It will be appreciated that the increased latency exhibited by one service or component may have indirect effects on the performance of a customer workload or even other customer workloads. In some cases, the customer workload may use another service or component whose performance depends in some way on the service that is exhibiting higher latency. In such cases, if the service is exhibiting higher than normal latency, such a performance anomaly may not cause customer impact on its own but may increase the likelihood of failures or other performance problems at the other service or component that is also involved in the customer workload's execution and whose performance depends in some way on the affected service. Similarly, customer dissatisfaction can result in cases where another unexpected issue occurs simultaneously, while the service is exhibiting higher latency, such as an issue with another component that is also used by the customer workload but is not otherwise dependent on performance of the service that exhibited the higher latency. Moreover, even if the performance of that customer workload is not noticeably impacted in the customer's view, a performance regression associated with that workload can have a cascading effect on other workloads of that customer or other customers or at other components such as another software application or another device in cloud computing environment 102 such that performance issues can stack up across a cloud environment such as cloud computing environment 102 that can feature a massive number (e.g., millions) of devices, software instances, users, connections, and other components. Accordingly, the systems and methods disclosed herein are configured to perform early detection of performance regressions before impacts to individual customers associated with the workload whose performance regressed, as well as impacts to other entities.
While the above discussion provides specific examples of customer workloads in production deployments that are serviced using one or more APIs offered by cloud computing environment 102, readers will appreciate that the systems and methods of detecting performance anomalies affecting production workloads disclosed herein can apply to many different configurations of a distributed system and/or to many other different types of distributed systems or to any system where multiple software-enabled devices are interacting in some configuration. Examples of distributed systems as contemplated herein can include any cloud computing systems in any configuration such as public cloud, private cloud, hybrid cloud, multi-cloud, various combinations of cloud-based and on-premise resources, or other cloud configurations or some combination of the configurations described above. Other examples of distributed systems can include telecommunications networks, autonomous vehicle fleets, or the like. Readers will appreciate that the systems and methods of detecting performance anomalies affecting production workloads disclosed herein are not limited in scope to performance anomalies associated with workloads accessing APIs that provide services and that the description of the use of API services in a cloud environment is purely exemplary.

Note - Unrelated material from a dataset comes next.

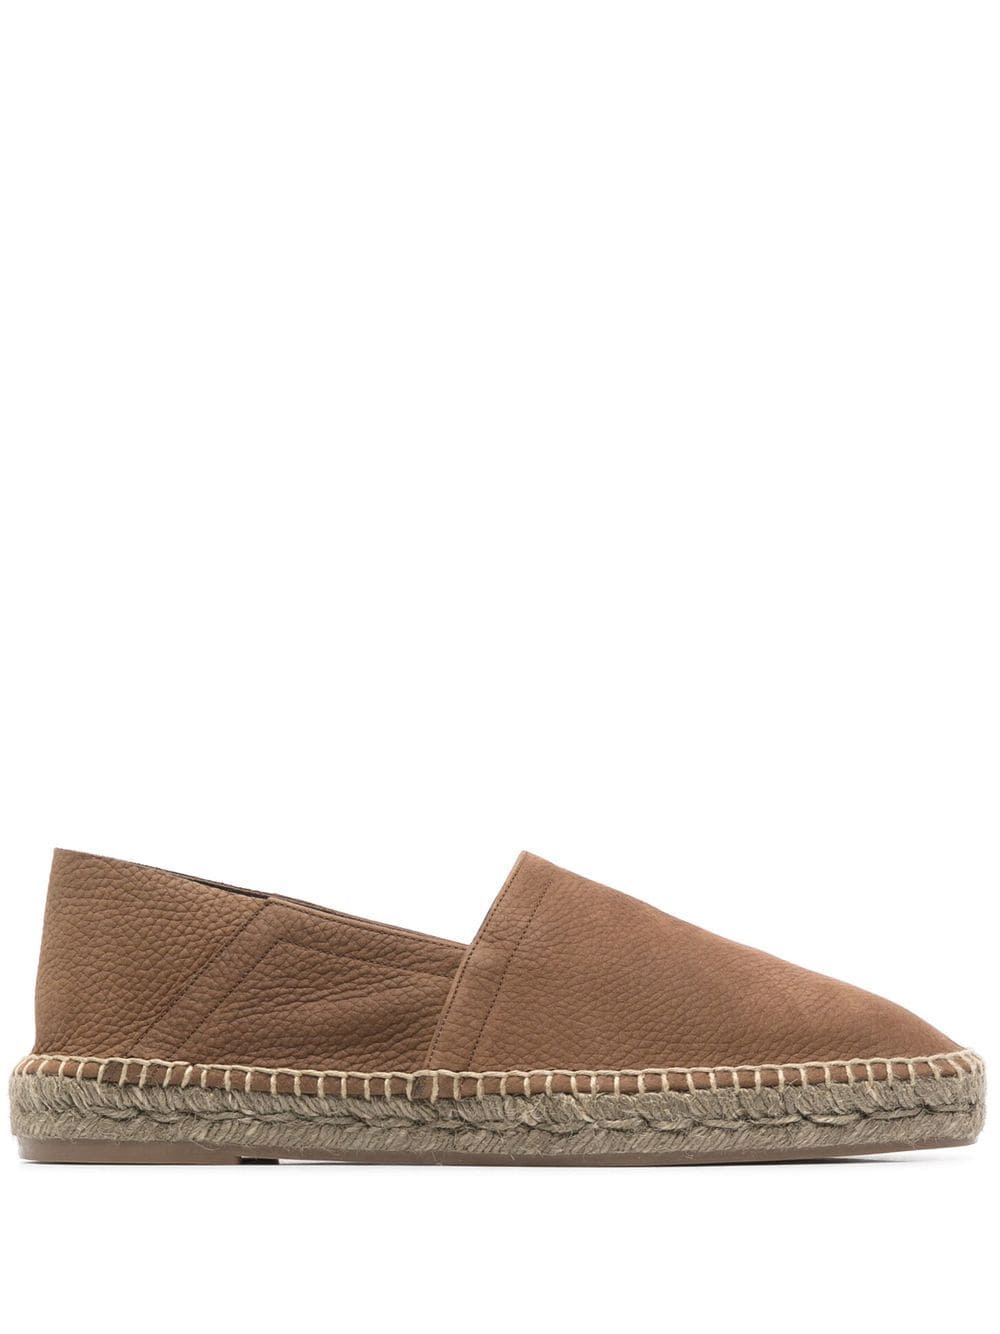 TOM FORD grained leather espadrilles - Brown von TOM FORD

The disclosed systems and methods can be applied in several other contexts. For example, cloud computing environment 102 may provide other features or functionality. Cloud computing environment 102 may provide servers for storage or compute purposes, virtual private networks, containerization services, code build/test facilities, machine learning or artificial intelligence models, data lakes or data analytics facilities, security tools, compliance or governance features, serverless computing, or other features. Some such features may be provided as services exposed by APIs, whereas others may be provided in other ways. Regardless of the particular configuration of a distributed system or the services provided, the disclosed systems and methods can enable detection of performance anomalies in production workloads.
Referring back to FIG. 1, the method depicted in FIG. 1 includes receiving 162 one or more performance signals associated with one or more production workloads executing in a production environment that utilizes one or more services provided by a distributed system. Receiving 162 one or more performance signals associated with production workloads can be carried out, for example, by the anomaly detection component 104 receiving telemetry 109, 111 data from any of the production deployments 120, 130. The anomaly detection component 104 can request telemetry 109, 111 data at intervals which may be predefined. Alternatively, the production deployments 120, 130 can be configured to send telemetry 109, 111 data to the anomaly detection component 104. The telemetry 109, 111 data may be associated with various components in the production deployments such as, for example, one or more processes that are executing, one or more cloud resources that are included in the production deployment, user activity that is occurring in the production deployment, and so on.
In some embodiments, the telemetry data that is received 162 can include latency data for one or more workloads executing in one or more of the production deployments 120, 130. The latency data can indicate latency values for processes that are executing with respect to the workload and may be expressed in units of time. For example, the latency data can indicate latency values associated with the creation of a virtual machine for executing a workload. Readers will appreciate that the latency values may indicate an expected latency, or a latency that is unexpected, outside limits, or satisfying some threshold value (e.g., maximum latency threshold), where the threshold value may be defined in various ways, such as by a service level agreement with the customer.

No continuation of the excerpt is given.